Amsacta moloneyi

Scientific classification
- Kingdom: Animalia
- Phylum: Arthropoda
- Clade: Pancrustacea
- Class: Insecta
- Order: Lepidoptera
- Superfamily: Noctuoidea
- Family: Erebidae
- Subfamily: Arctiinae
- Genus: Amsacta
- Species: A. moloneyi
- Binomial name: Amsacta moloneyi Druce, 1887

= Amsacta moloneyi =

- Authority: Druce, 1887

Species of moth

Amsacta moloneyi is a moth of the family Erebidae. It is a species in the genus Amsacta, a genus of Tiger Moth mostly concentrated in southeastern africa, a few scattered across Asia. This specific species is most noted location is in Senegal, but also colonizes other areas of western and central Africa.

They are photophilic, meaning they’re attracted to light, like most species of moth. They eat many types of plants, but are mostly studied due to their impact on cowpea and cotton plants, being considered pests in the agricultural world. They most commonly go through one life cycle per year but have been known to potentially produce a second or even third generation depending on environmental conditions. They prefer arid conditions with a rainy season.

In northern Ghana, it has been reported as a pest of pearl millet crops.

== Phylogeny ==
Amsacta moloneyi, also known as Druce, shares a genus with 15 other species. They are in the tribe Arctiini, also known as Tiger moths. A key synapomorphy of tiger moths is a tympana which allows them to detects bat echolocation and also produce sound.

== Description ==
Larval

As a caterpillar, it’s described as hairy. It’s clear with light orange stripes and very long, white hairs all over its body.

Adult

Wings are off-white olive colored, the forewing with beige veins and the hindwing with 4 distinct dark brown spots. The femora and the costa of the wing are also a scarlet. The under abdomen and head are both off-white, the neck with a faint scarlet ring. From above, the abdomen is scarlet, the tip of the abdomen slightly darker. There are 5 elongated spots on its abdomen, the top of the abdomen also off-white.

== Life cycle ==
Variation in life cycle is dependent on genes and environmental factors but is different depending on the organism of this species. The Larval stage is about 19 days, the complete cycle lasting 30-35 days, assuming there is no diapause. However, diapause and quiescence is necessary for the development of the pupa, as there are periods on long drought in Africa. The larvae pupates around September, entering a diapause period during the dry season. It then goes into a stage of quiescence around April or May until conditions are favorable for the Adult to take flight.

Adults emerge around 3-4 days after rainfall, the rainy season effecting their emergence. This typically happens around June-July. This suggests one generation per year. Changing in rainy season could extend the time until the adult emerges until August.(French)

Adult flight normally lasts a week, but changing in rainy season has been known to effect the flight of Adults. Increased rainfall in these areas may change flight patterns, potentially extending their flight period and even allowing for a second generation in some cases. A population in New Delhi was even known to have 3 generations in one year.

== Habitat ==
Amsacta moloneyi ranges across western to central Africa, specifically studied in Senegal. Specific countries recorded include Gambia, Ghana, Ivory Coast, Chad, Nigeria, and Sudan .There is also known to be a population in New Delhi, other species from the same genus ranging throughout southern Asia and southern Africa, however, research for this specific species has been focused on their impact on agriculture in western Africa. They colonize cowpea plants, being considered pests in these areas.

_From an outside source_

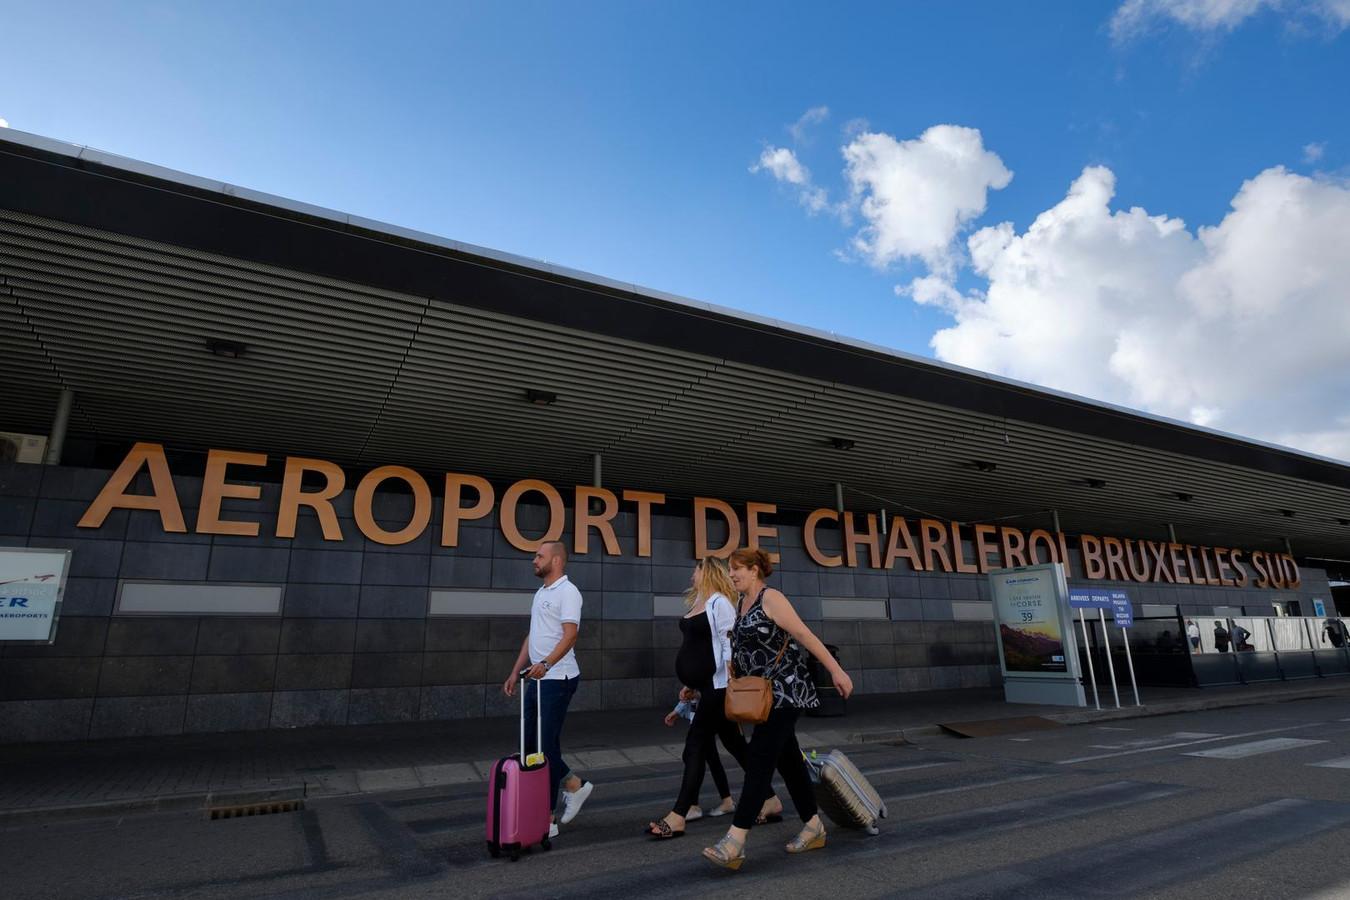 Le patient âgé d'une quarantaine d'années avait séjourné en Italie et il est rentré par avion en passant par l'aéroport de Charleroi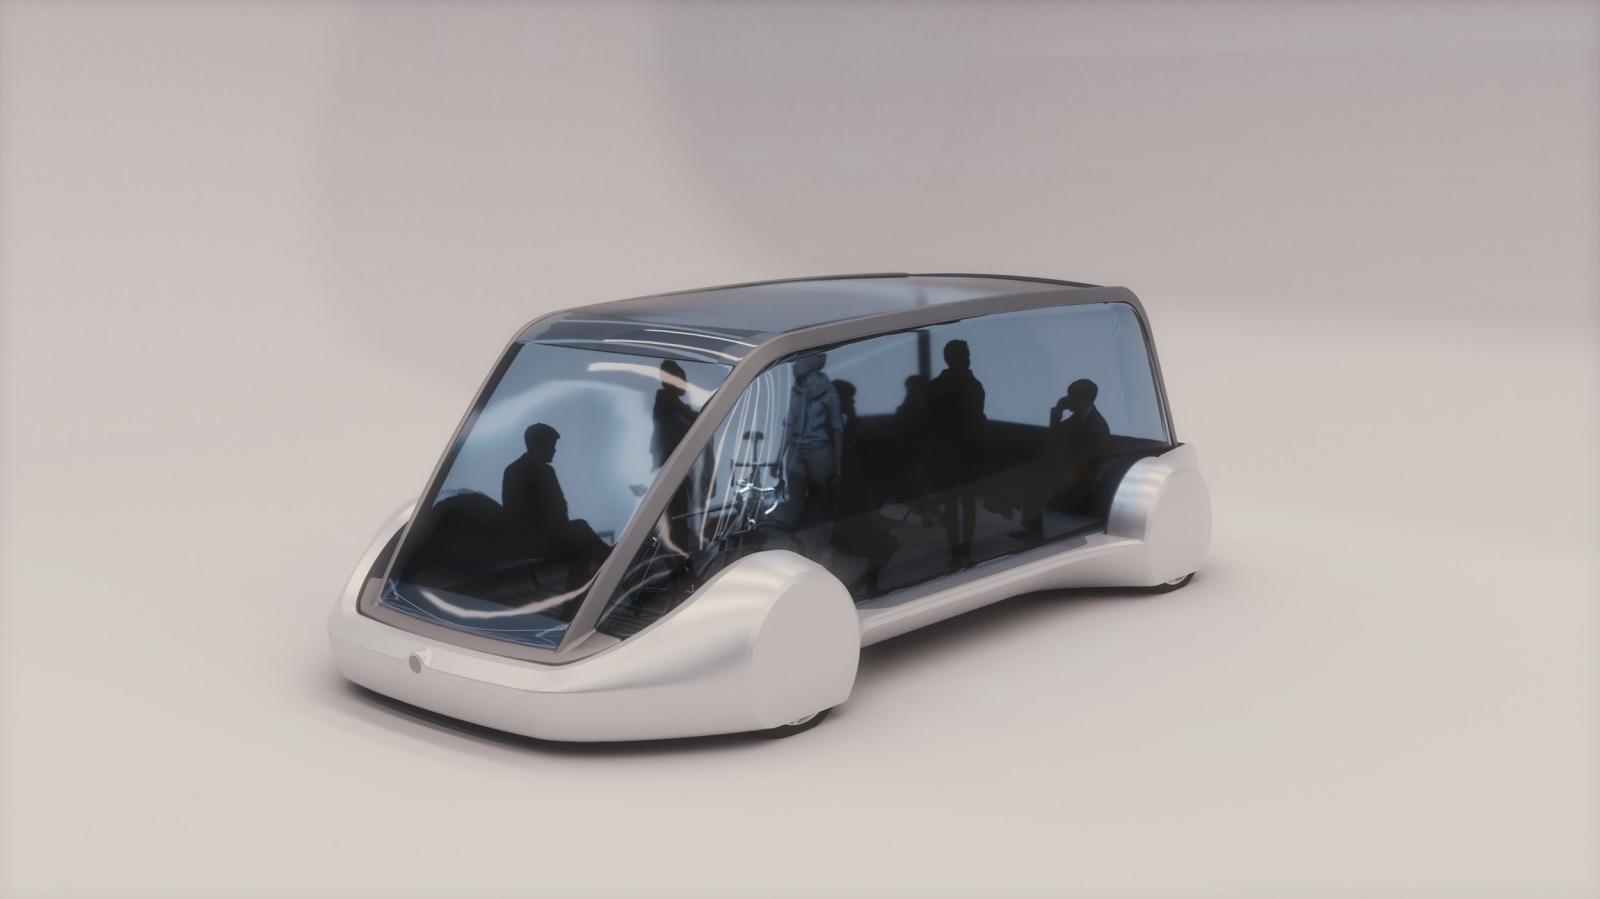 Из Чикаго в аэропорт на автономных тележках под землёй: проект Loop от Илона Маска - 1

The range of this species is highly dependent on the humidity of the location. Their chrysalids need arid conditions to survive, so southward expansion where there is more rain is limited. They thrive in areas with stark rainy and dry seasons.

There is also a correlation in the distribution of a population and soil type, mostly the clay content. This is due to the “hardening” effect during a drought as it’s harder for chrysalids to survive. This may also be a reason for their unlikeliness to move southward. This was observed in other similar species of moths as well, comparing the pupae survival in sandy soils versus clay soils that hardened.

Diet

Amsacta moloneyi is polyphagous, meaning it eats many types of plants including many weeds, groundnut, young millet, and most agriculturally impactful, the cowpea. What it feeds on ultimately depends on the environmental conditions at the time and what it has access to. There is also evidence that when their population is increased, they will attack cotton seedlings, specifically in Sudan.

== Pest management strategies ==
Farmers use life cycle and behavior information on species such as the Druce to know when the best time is to plant their crops and how to deal with them. Pests play a big roll in agricultural production, being identified as the second largest restraint in their production. Integrated pest management is one way of dealing with these pests, as they can form a resistance to pesticides. For example, digging out pupae before the rains can prevent adults from emerging and reproducing. This was shown to help with a related species to the Amsacta moloneyi, the Amsacta moorei. A light trap can also be set up after heavy rains, as the moths are attracted to light.